Current Seminar Descriptions

Current Seminar Descriptions

SPRING 2015 SEMINARS

To enroll in an ISAW seminar, you must first obtain the permission of the instructor. You may then forward the permission email to isaw@nyu.edu to get the registration access code.

All classes are held in the 2nd floor seminar room unless indicated otherwise.

ISAW-GA  3009
Mobile Pastoralists in Late Iron Age Central Eurasia (4th cent. BCE-4th cent. CE).
S
ören Stark
soeren.stark@nyu.edu

Thursdays, 10:00am – 1:00pm

The boom of Xiongnu archaeology in present-day Mongolia and Buriatia (Russia) during the past two decades has decisively shaped and improved our understanding of Late Iron age nomadic cultures in Eastern Central Asia. Ever since, new data (not least resulting from a more comprehensive application of scientific analyses) and new methodological approaches have considerably stimulated the discussion of aspects such as elite representation between Han China and the ‘Hellenistic west’, transfer of technologies (in and outside the steppes), or non-elite life-ways among pastoral societies in the area.
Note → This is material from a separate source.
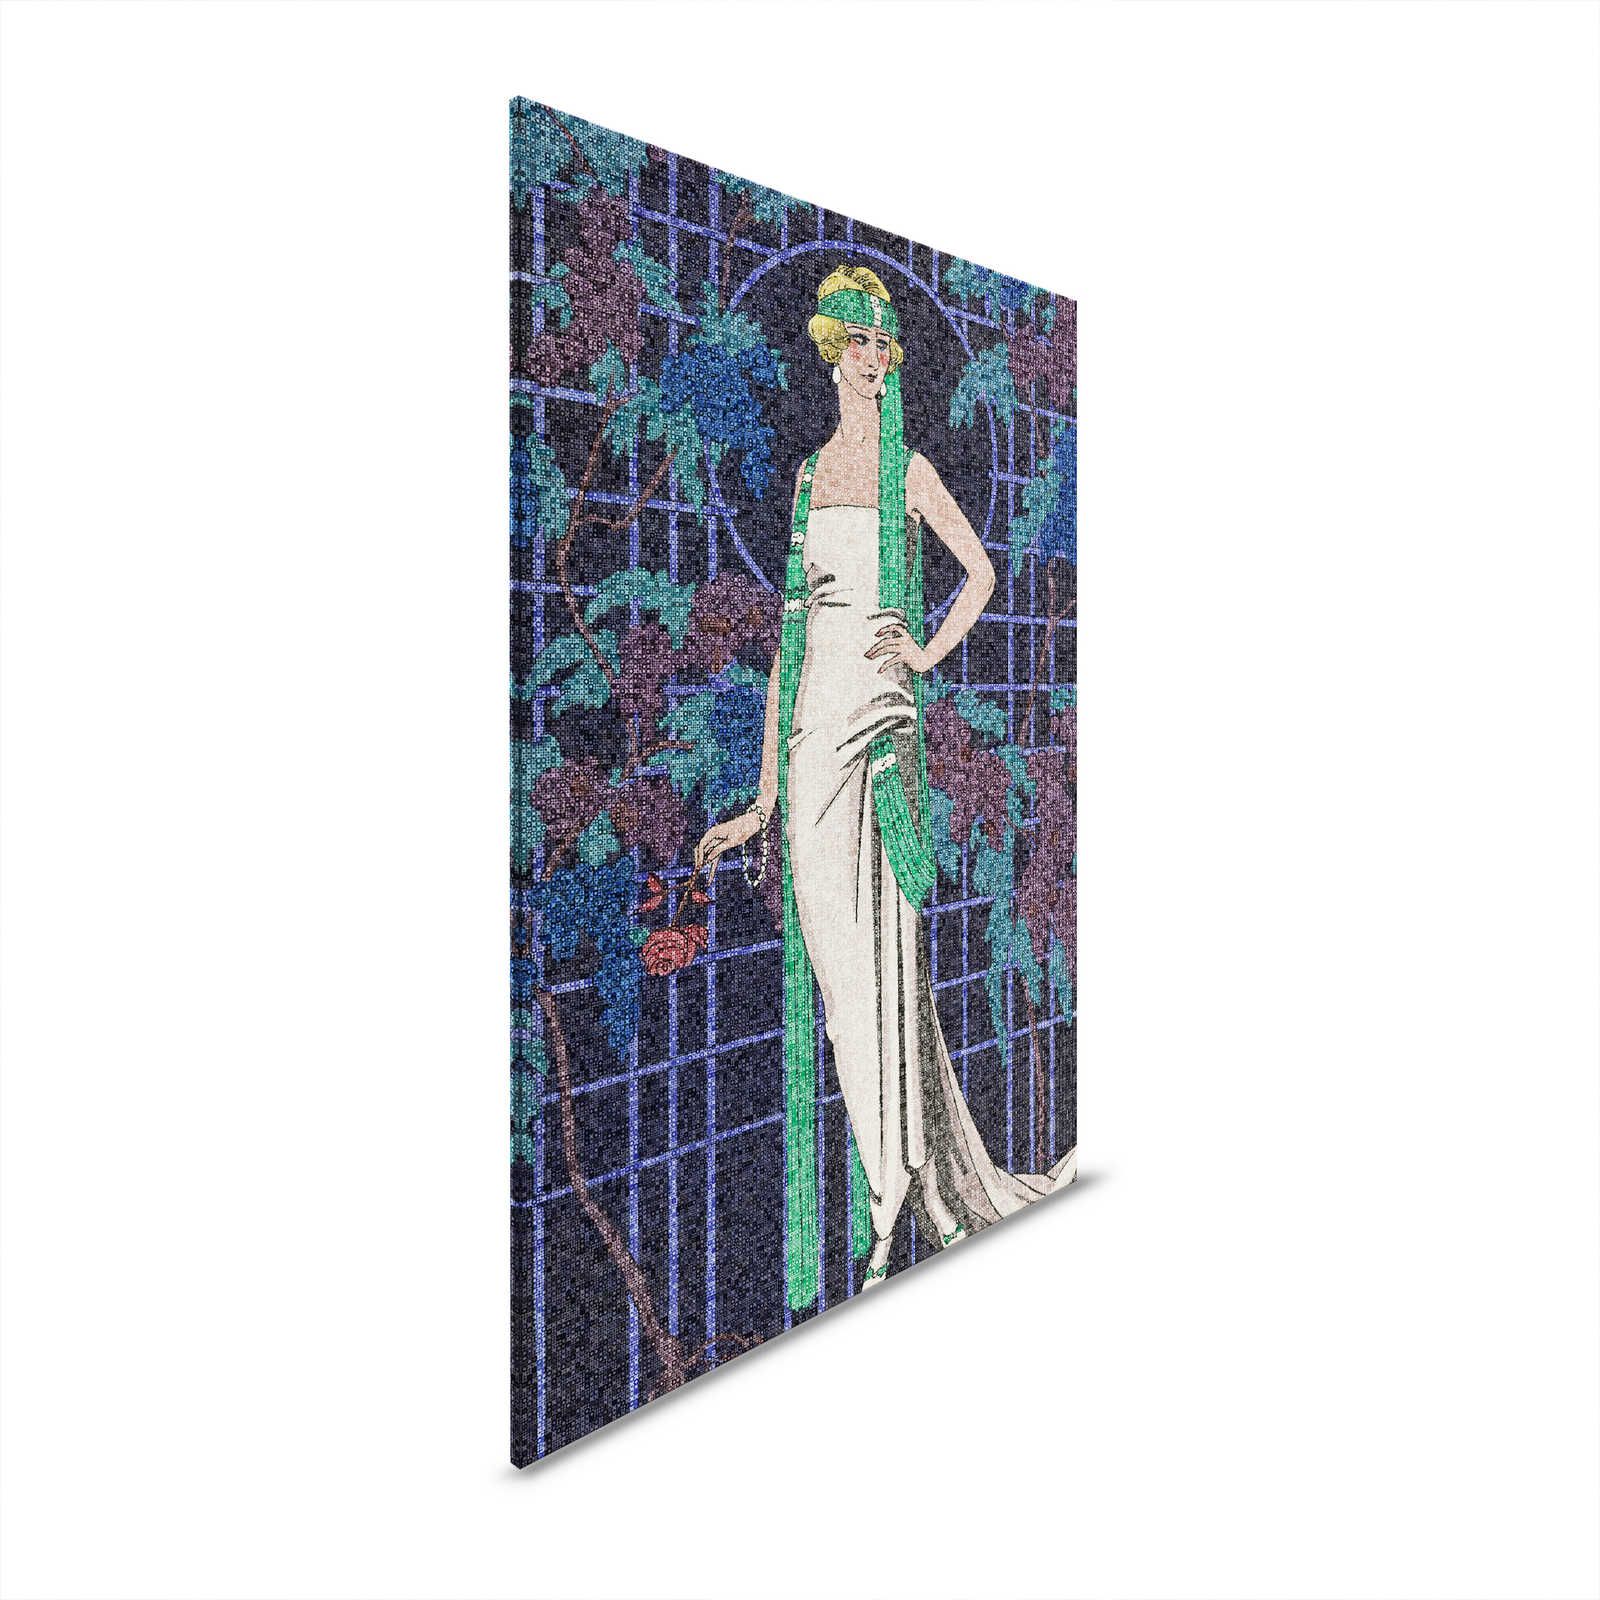 Scala 2 - Mozaïek Canvas Schilderij Art Deco Vrouwen Motief jaren 20 Stijl - 0.60 m x 0.90 m

At the same time, however, we dispose of a considerable mass of older data on nomadic ‘cultures’ from the territories of the former Soviet-Union, contemporary with the Xiongnu in Mongolia and Buriatia: the so-called ‘Hunno-Sarmatian horizon’. In many ways, this older data now awaits reconsideration in light of the recent advances in Mongolia and Buriatia. In addition, we see the rapid accumulation of new data from present-day Xinjiang, Gansu and Inner Mongolia (China), pertaining to the same cultural horizon.
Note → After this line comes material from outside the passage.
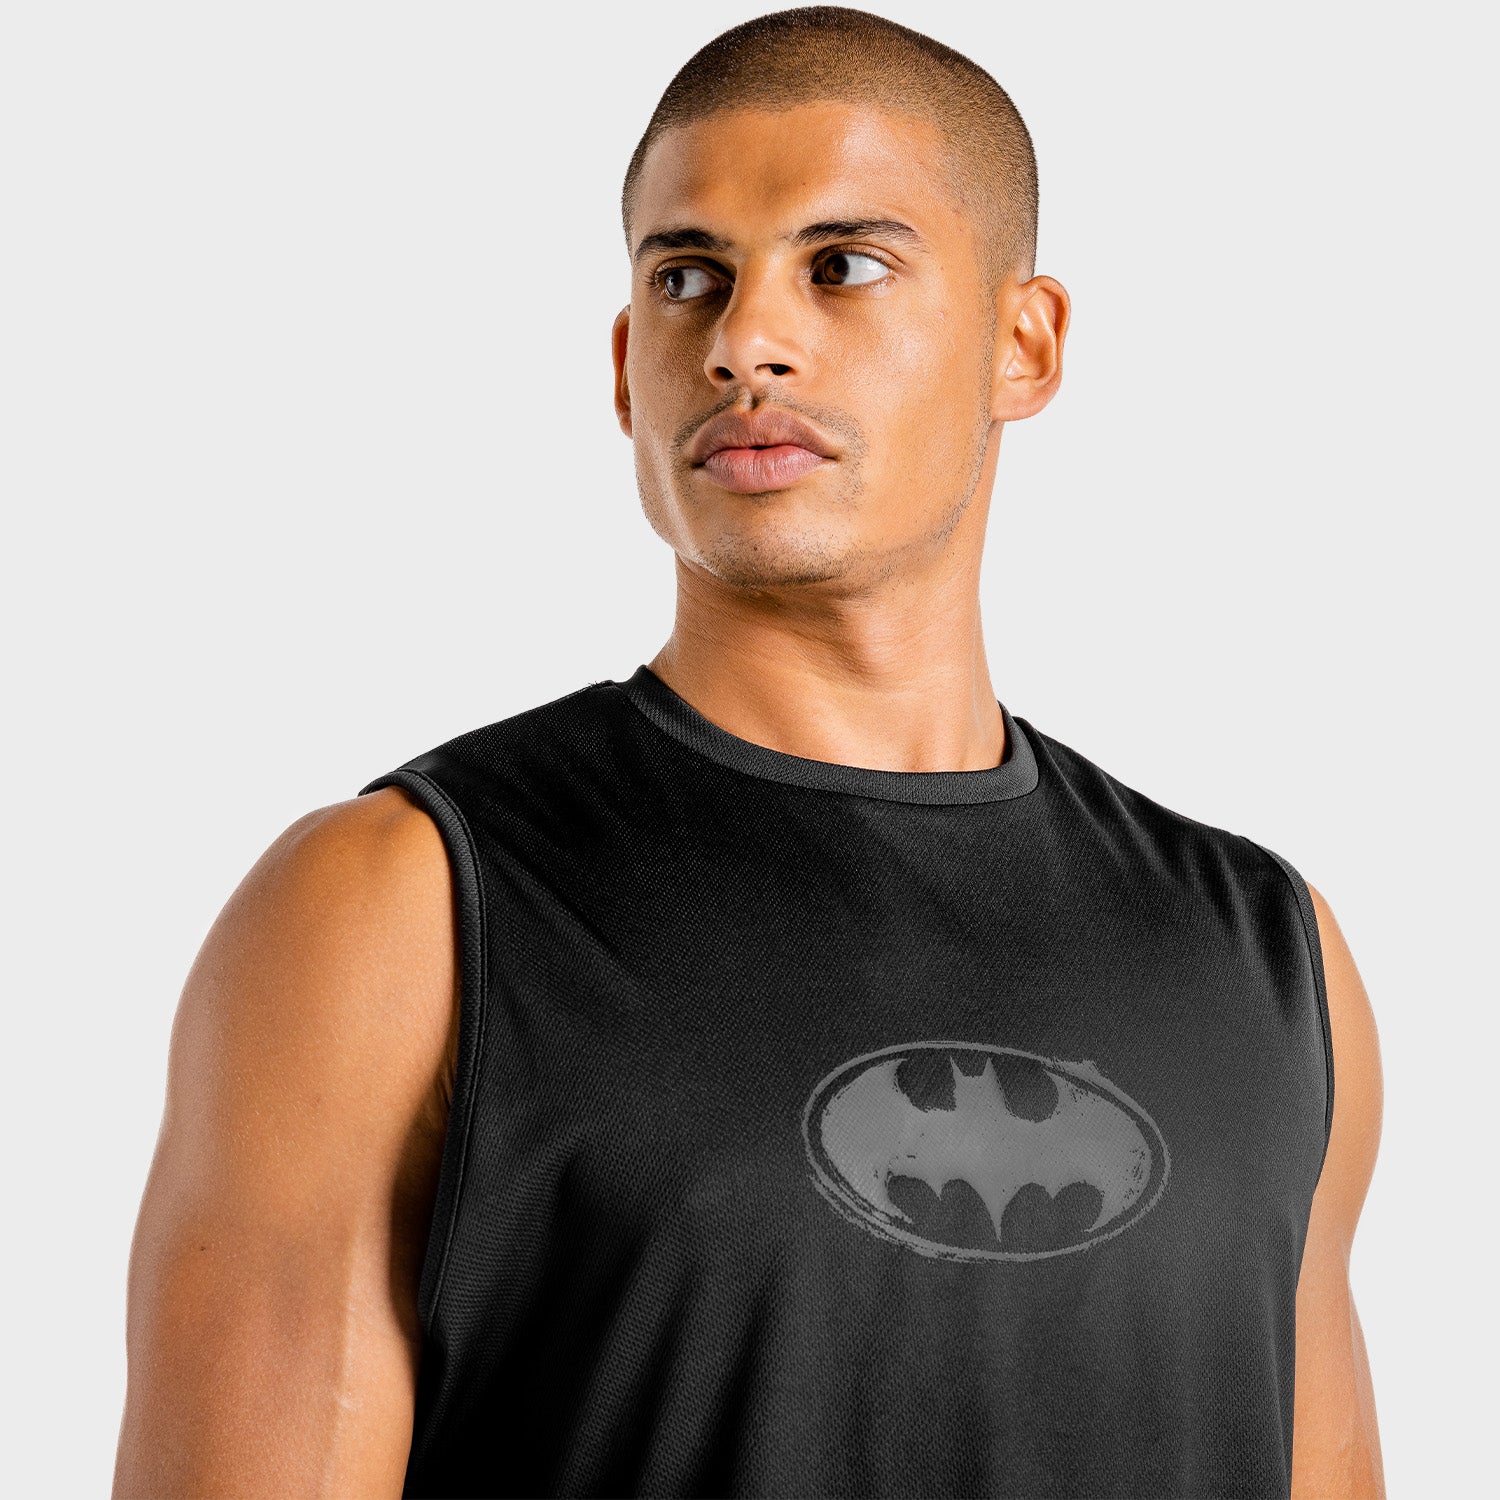 squatwolf-workout-tank-tops-for-men-batman-gym-tank-black-gym-wear

The aim of our seminar is to re-evaluate older data and to integrate it together with new data into a systematic, regionally structured overview of Late Iron Age pastoral cultures from the trans-Caspian steppes to Inner Mongolia (China), and from Southern Siberia to present-day northern Afghanistan. This will allow us to better understand regional specifics and supra-regional dynamics within and beyond the nomadic world of the ‘Hunno-Sarmatian horizon’ in an integrated way. And, it is hoped, it will help us to line out potential avenues for future research on pastoral ‘cultures’ in Central Eurasia during antiquity.

Advanced reading knowledge of Russian or Chinese and permission of the instructor is required.

 

ISAW-GA 3010
Art, Archaeology, and Museology
Lillian Tseng, Jason Sun
lillian.tseng@nyu.edu
Thursdays, 2:00-5:00 pm

This seminar explores how museology facilitates the study of art and archaeology through an upcoming special exhibition on the Qin and Han Empires (221 BCE- 220 CE) in The Metropolitan Museum of Art. We will study the objects to be displayed and investigate the characteristics of early imperial Chinese art and archaeology. We will also learn how a museum functions as a cultural institution through the curatorial efforts in acquisitions, exhibitions, and publications, especially how research and diplomacy play significant roles in developing international exhibitions.

Prof. Lillian Tseng at ISAW and Dr. Jason Sun at the Metropolitan Museum of Art will teach the seminar together. The class will take place not only in a seminar room at ISAW but also in the storage rooms of the Museum.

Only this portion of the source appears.